DP-Bind: a web server for sequence-based prediction of DNA-binding residues in DNA-binding proteins

Supplementary information

Main page: http://lcg.rit.albany.edu/dp-bind

 

Description of the three machine learning algorithms

For our two-class ( DNA -binding and non-binding residues) classification problem, we applied three machine learning algorithms: support vector machine ( SVM ) (Vapnik, 1998), kernel logistic regression (KLR) (Zhu and Hastie, 2005), and penalized logistic regression ( PLR ) (le Cessie and van Houwelingen, 1992). SVM is a margin maximizing classifier that does a linear classification in the feature space, which corresponds to a non-linear classification in the original data space. The feature space is obtained by transforming data from the original data space with a kernel function. Similarly, KLR and PLR are also margin maximizing classifiers. Optimization problem of KLR and PLR is also similar to that of SVM , except that they use exponential loss function instead of L1 loss function of SVM . Both KLR and PLR provide classification results based on conditional class probability. The difference is that PLR does the classification in the original data space, whereas KLR does the classification in the feature space by using a kernel function. In other words, KLR is a non-linear version of PLR . For both SVM and KLR we used the radial basis function kernel, which showed the best performance on our dataset.
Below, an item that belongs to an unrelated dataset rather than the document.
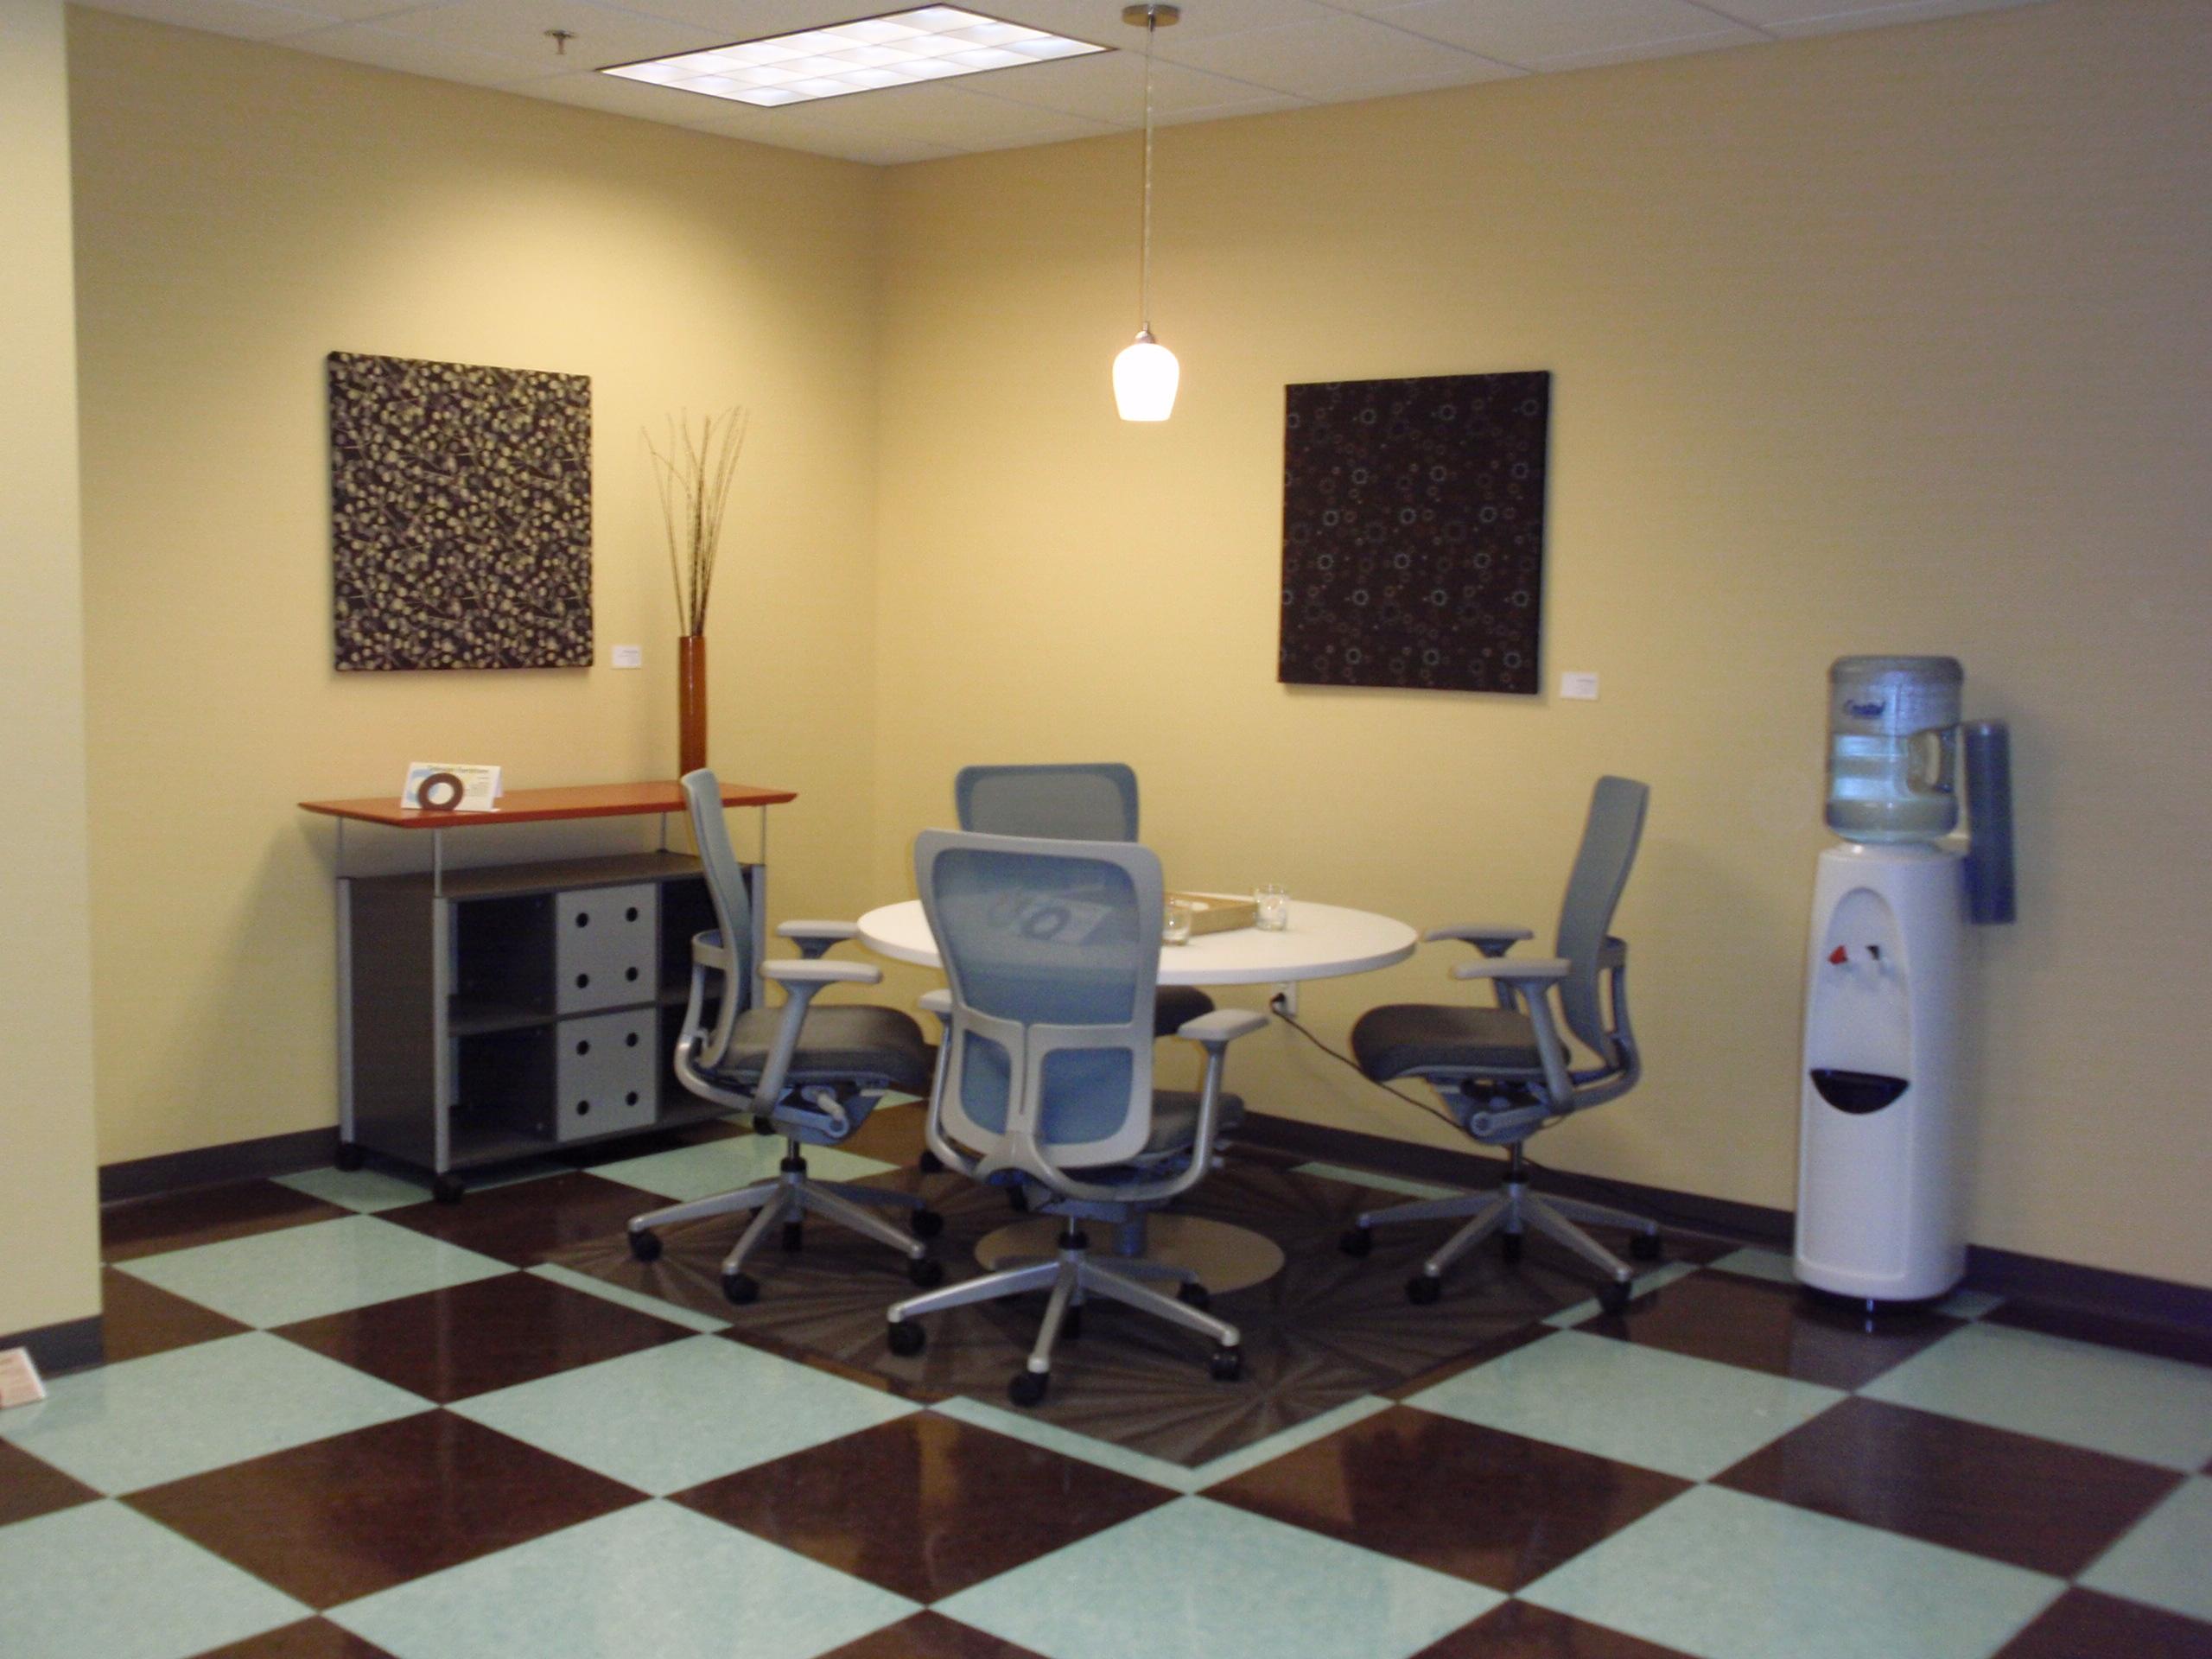 Ideas Architecture Relocation April 2008 By Julie Lanier

Method of performance evaluation

We used leave-one-protein-out cross-validation to train and test each classifier. In this procedure, 61 protein complexes are used for training and the remaining one complex is used for testing. This process is repeated 62 times so that each protein complex can be tested. Optimal parameters in a classifier were determined to be those which achieved the best average accuracy across the 62 cross-validation experiments. To assess the given classifier's performance, we computed mean and standard deviation of the following performance measures across the 62 cross-validation experiments:

(i) accuracy: ACC=(TP+TN)/(TP+FP+TN+FN)

(ii) sensitivity: SN=TP/(TP+FN)

(iii) specificity: SP=TN/(FP+TN)

Where TP is the number of true positives (correctly predicted DNA -binding residues), FN is the number of false negatives ( DNA -binding residue predicted as being non-binding), TN is the number of true negatives (correctly predicted non-binding residues), FP is the number of false positives (non-binding residues predicted as being DNA -binding).

Output format

Figure 1. A sample prediction result, consisting of three parts: a header describing its format, inputted FASTA sequence, and a prediction result in a columnar format. The result was truncated to fit the page. Refer to help for details.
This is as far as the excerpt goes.